Created to provide a platform to showcase works by Canada’s queer filmmakers, “Qaleidoscope” features 23 unique films from QTBIPOC people – queer, trans, black, Indigenous and people of colour.

The diverse lineup drew film enthusiasts to Eastern Edge last Friday, with two dozen people braving the freezing rain that had already cancelled many events around the capital city.

Perhaps this is a testament to Queer City Cinema’s nearly 25-year-long dedication to highlighting contributions of QTBIPOC filmmakers — regardless of the circumstances, barriers or obstacles, the show will go on, like those who created it.

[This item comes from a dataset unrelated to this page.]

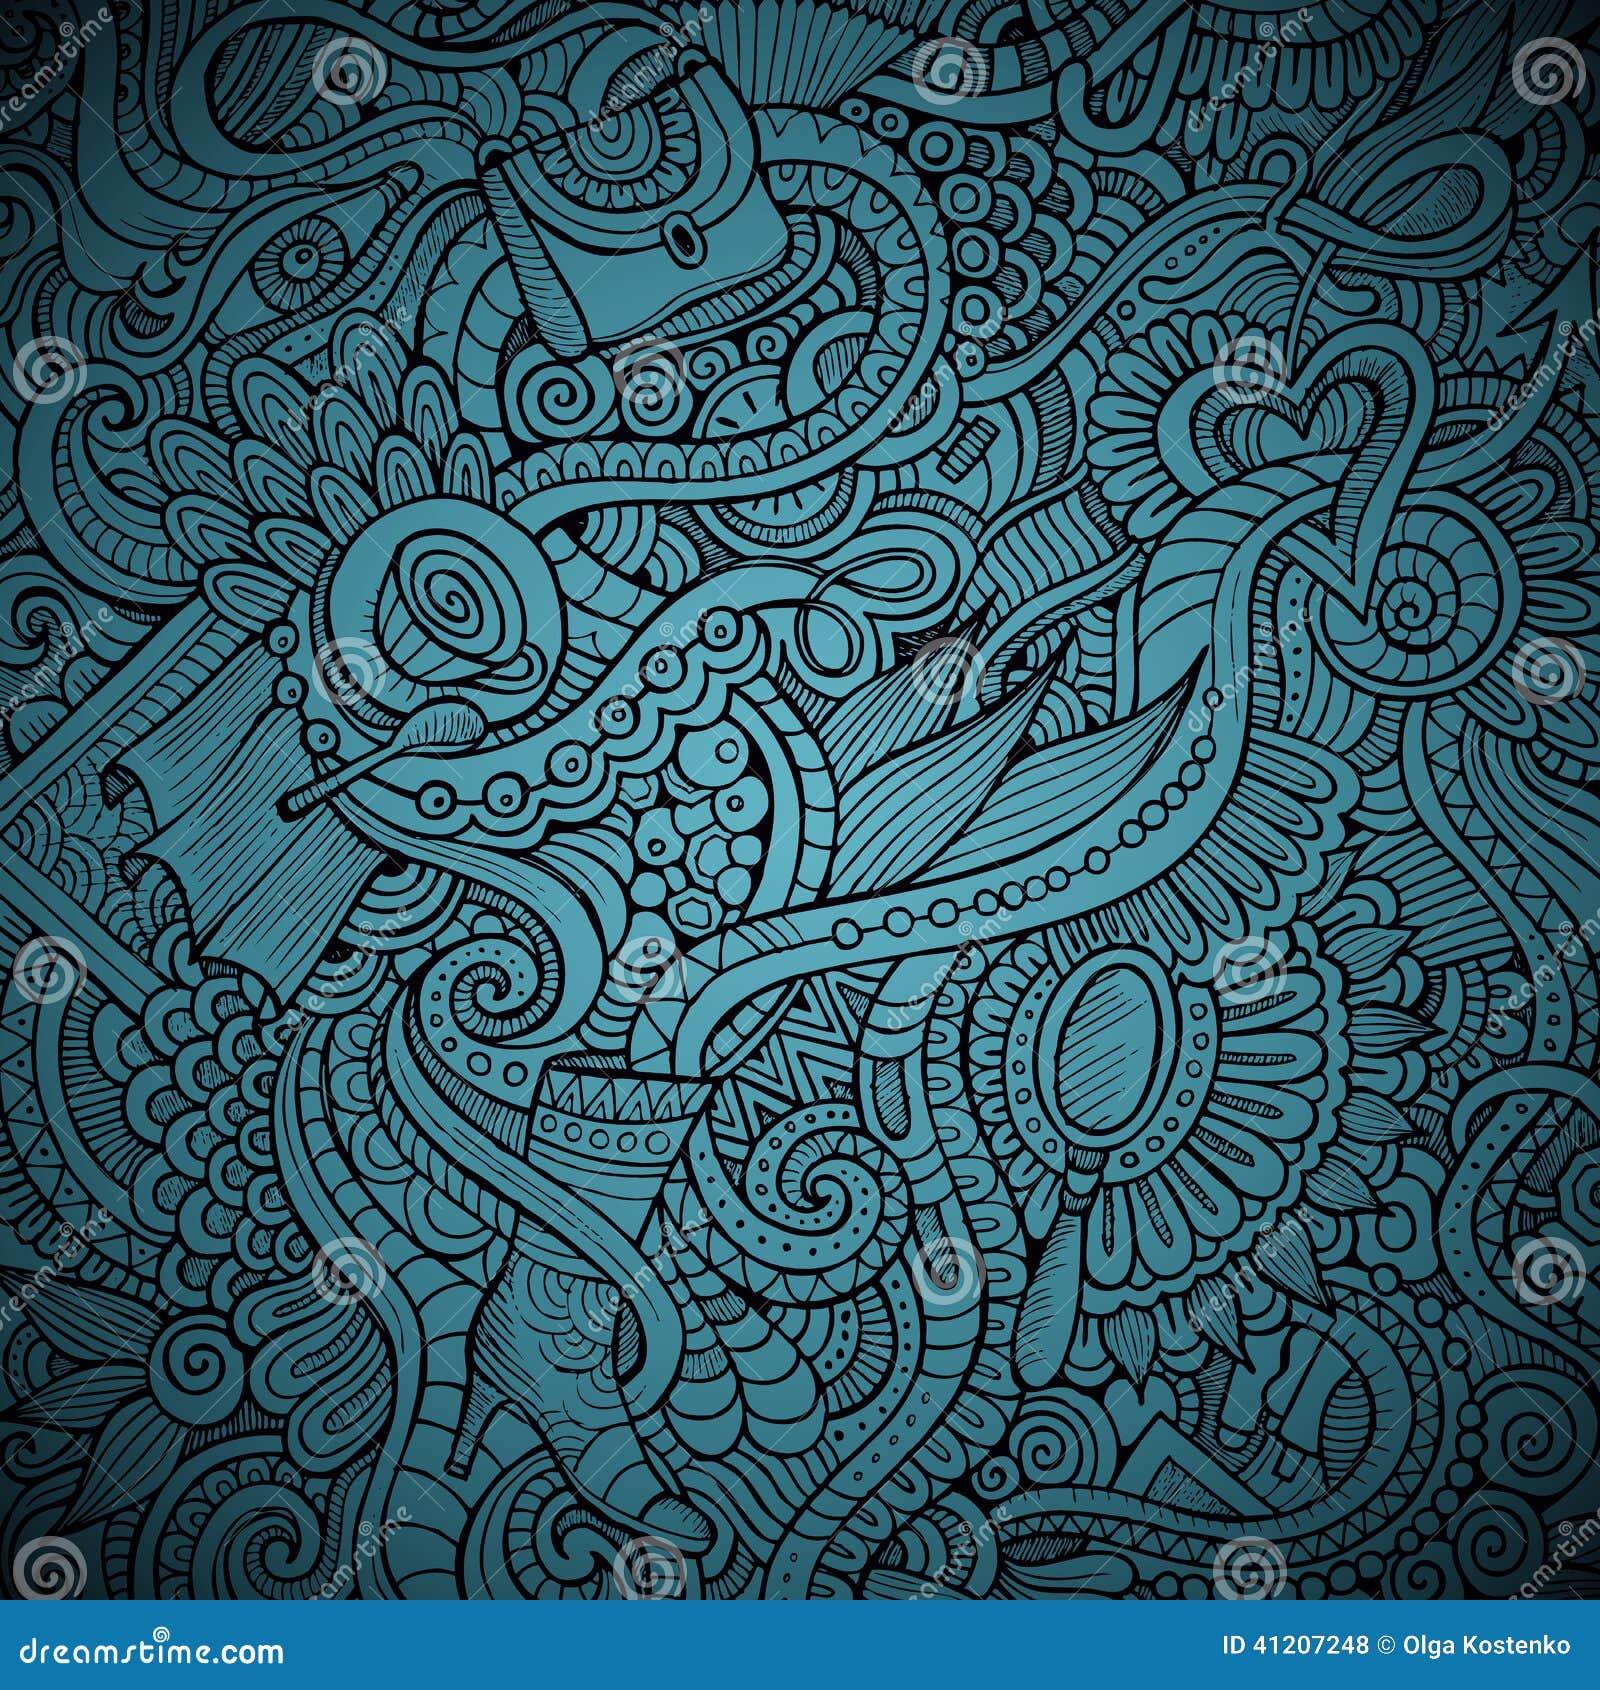 Vector fashion decorative doodles background

Executive and artistic director Gary Varro welcomed the crowd, giving a brief history of Queer City Cinema’s “Qaleidoscope” and its country-wide travels before we settled in for a series of 12 shorts.

“Where We Were Not – Feeling Reserved, Alexus’ Story” by Jess MacCormack and Alexus Young was first, this animated documentary exploring police brutality towards Indigenous people.

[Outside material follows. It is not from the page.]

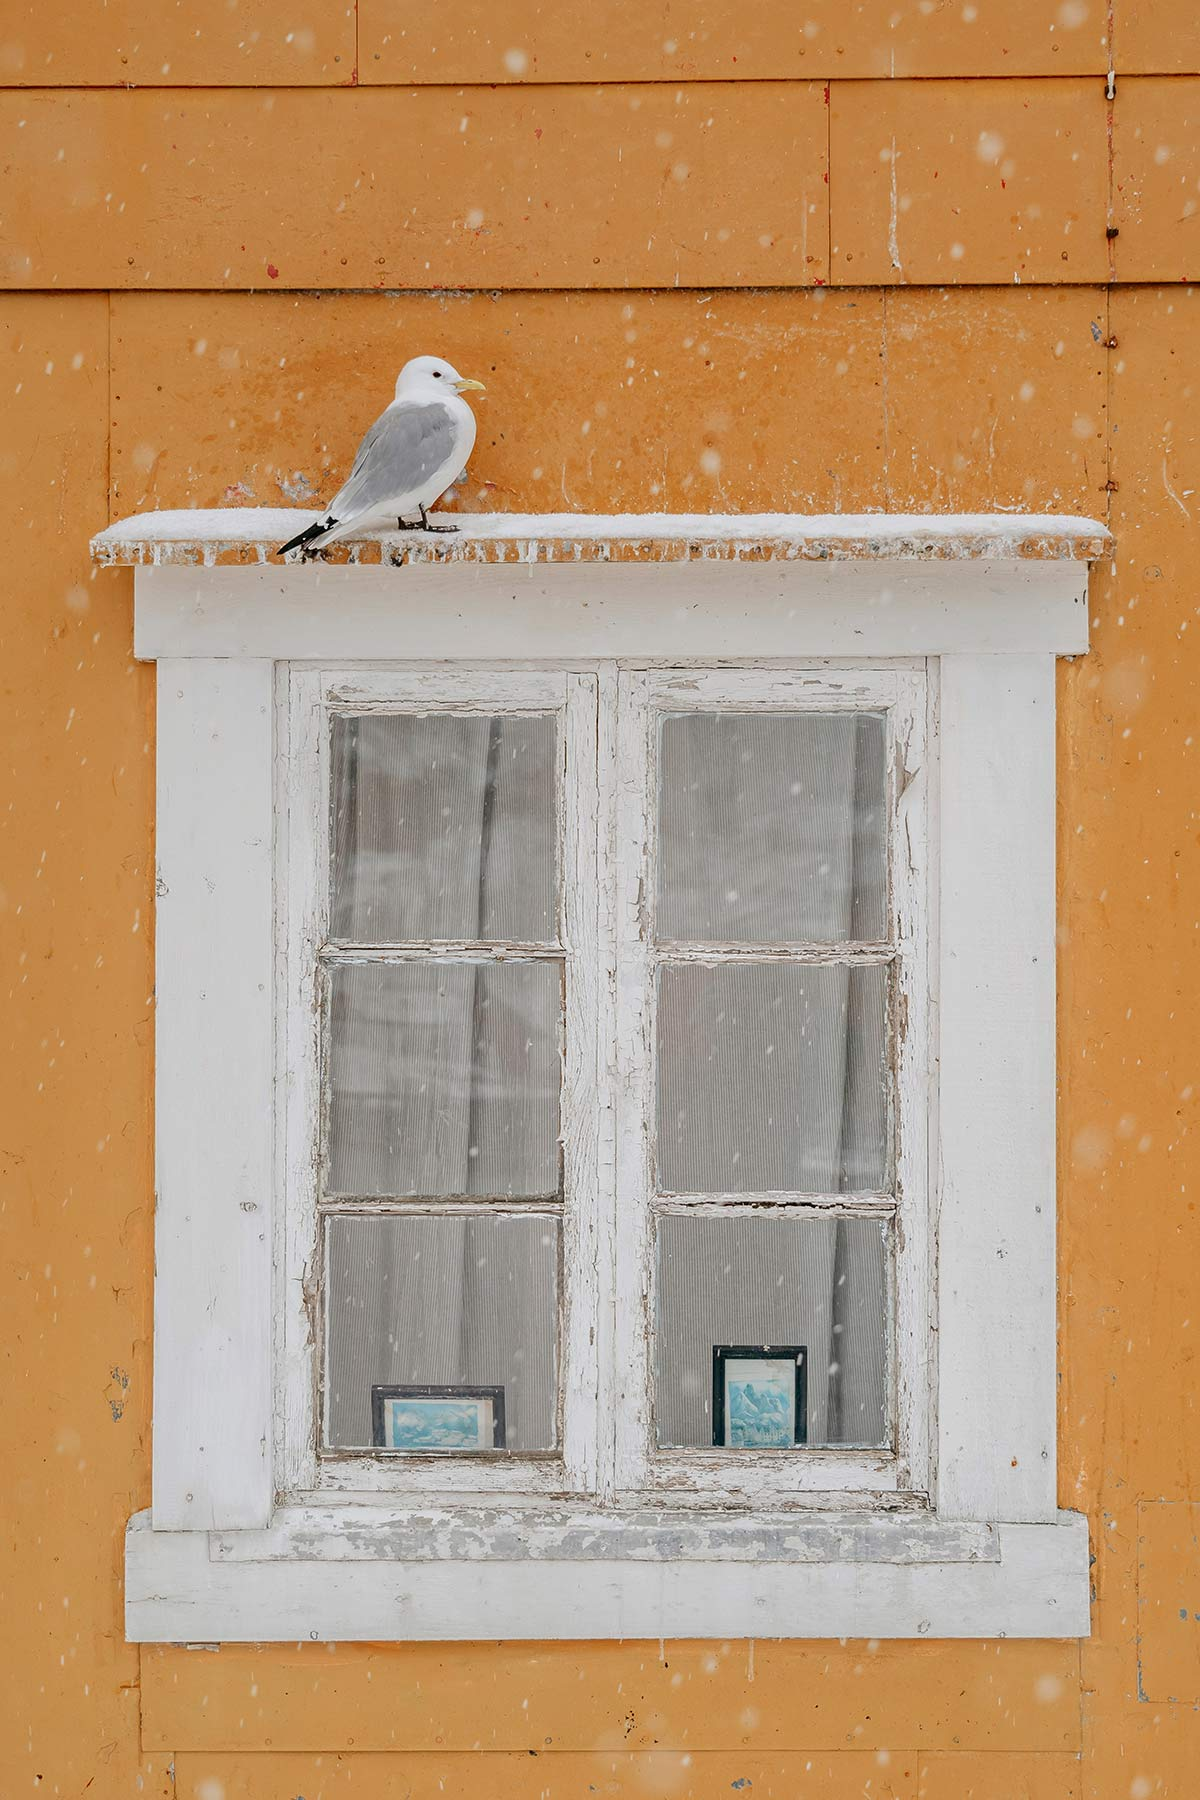 Fenster mit Moewe

Alexus tells a harrowing tale of being driven out of town by police officers, who took her shoes and jacket and left her to freeze to death. The filmmaker lived to tell the tale, refusing to stay silent.

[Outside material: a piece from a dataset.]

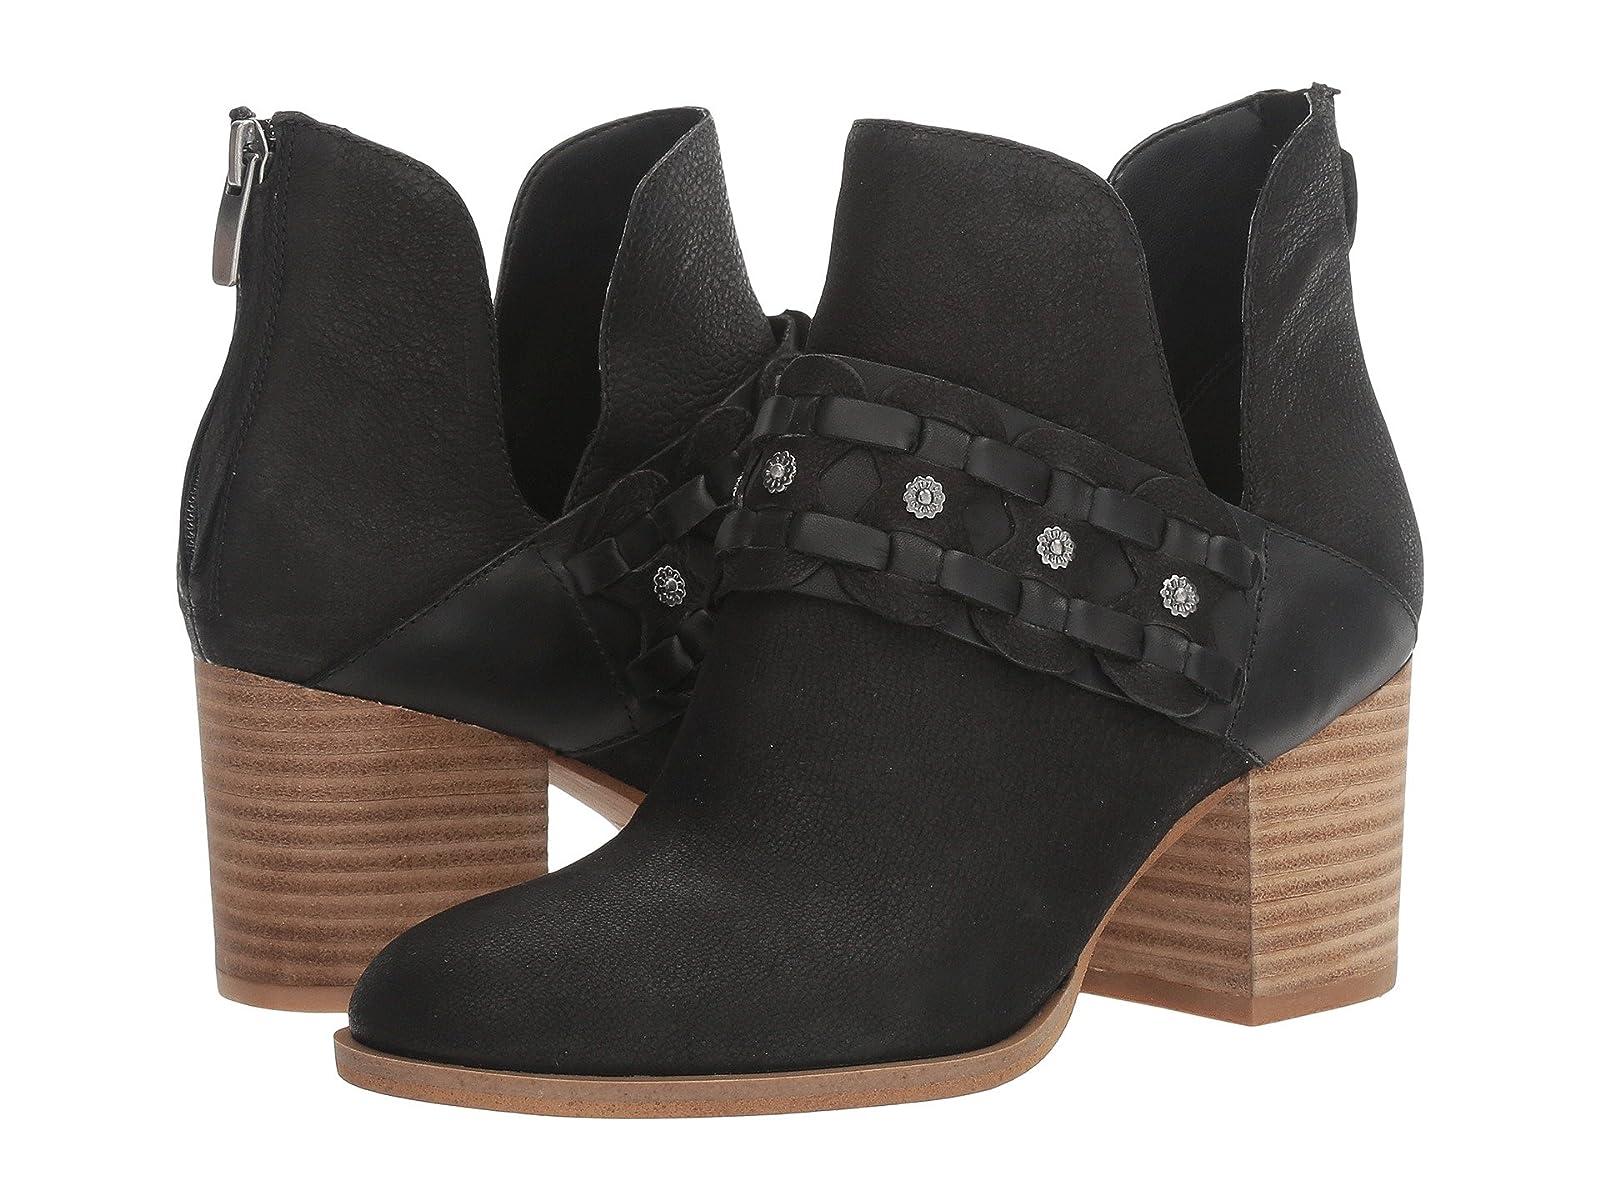 Nine West DanbiaCheap and distinctive eye-catching shoes

Local filmmaker Kailey Bryan’s “Diapause” followed, a witty little short centred on houseflies trapped in between window panes.

In the silent film, Bryan muses over mankind’s power over their short lives, with a focus on “diapause” – the ability to suspend animation, and imagining if humans had the same ability. Is it like pressing pause? Or like being reborn?

Blair Fukumura’s “Bedding Andrew” reflected on life as a gay man with cerebral palsy and a wheelchair, with Diane Obomsawin’s “I Like Girls” inspiring laughter as four women recount their earliest experiences in understanding and expressing their sexuality as lesbians.

“Niagara” spliced scenic shots of the falls with a simple story and a history lesson about Ongniaahra, the Mohawk word for Niagara from the Haudenosaunee Nations.

A personal favourite was Rob Fatal’s “Fluids.” After a failed attempt at creating a sci-fi/fantasy porno years earlier, the filmmakers contemplate the binary belief system of failure/success, good/bad, right/wrong. Did they fail at making a film, when they still, in fact, made a film?

“Maybe it’s what it needed to be when it needed to be it,” the filmmaker says, an inquisitive comment that could apply to many facets of life.

Alli MacKay’s animated experimental “Flash Flood” united animators around the world and three main characters who divulge their unique perspectives on identity and gender. After a flash flood threatens to drown them, together, they surface as the water recedes.

Wrik Mead’s “Outcognito” layered images and sounds, creating a five-minute-long whirlwind delving into homophobia, fear, lust, acceptance and more.

Another personal and crowd favourite was Thirza Cuthand’s “2 Spirit Introductory Special $19.99*” — a kitschy ’90s-style infomercial advertising a phone support system for two-spirit people, offering knowledge, support and gifts such as a whisk with a beaded handle.

This piece inspired a lot of laughter, with people later commenting to the attending filmmaker that this could and maybe should be a real product/service.

James Diamond’s “Jizz Envy” used song to explore sexual experiences and true love, with ejaculation serving as a kind of benchmark for a successful sexual encounter. Short and sweet, this witty two-minute film inspired laughter.

Dorian Wood and Graham Kolbeins’ “Paisa” followed, an “immersive fever dream” touring the audience through a celebration of brown sexuality and sensuality, removing the policing of brown bodies. “Maybe they are right, maybe we are all doomed, but in moments like this, everything feels natural,” just as intimacy should.

Lyle Ashton Harris’s “Selections from the Ektachrome Archive 1988-1996” finished off the evening, a sombre yet hopeful trip down memory lane at the height of the AIDS crisis. More than 100 photographs illustrate the photographer’s private/personal and public/professional life.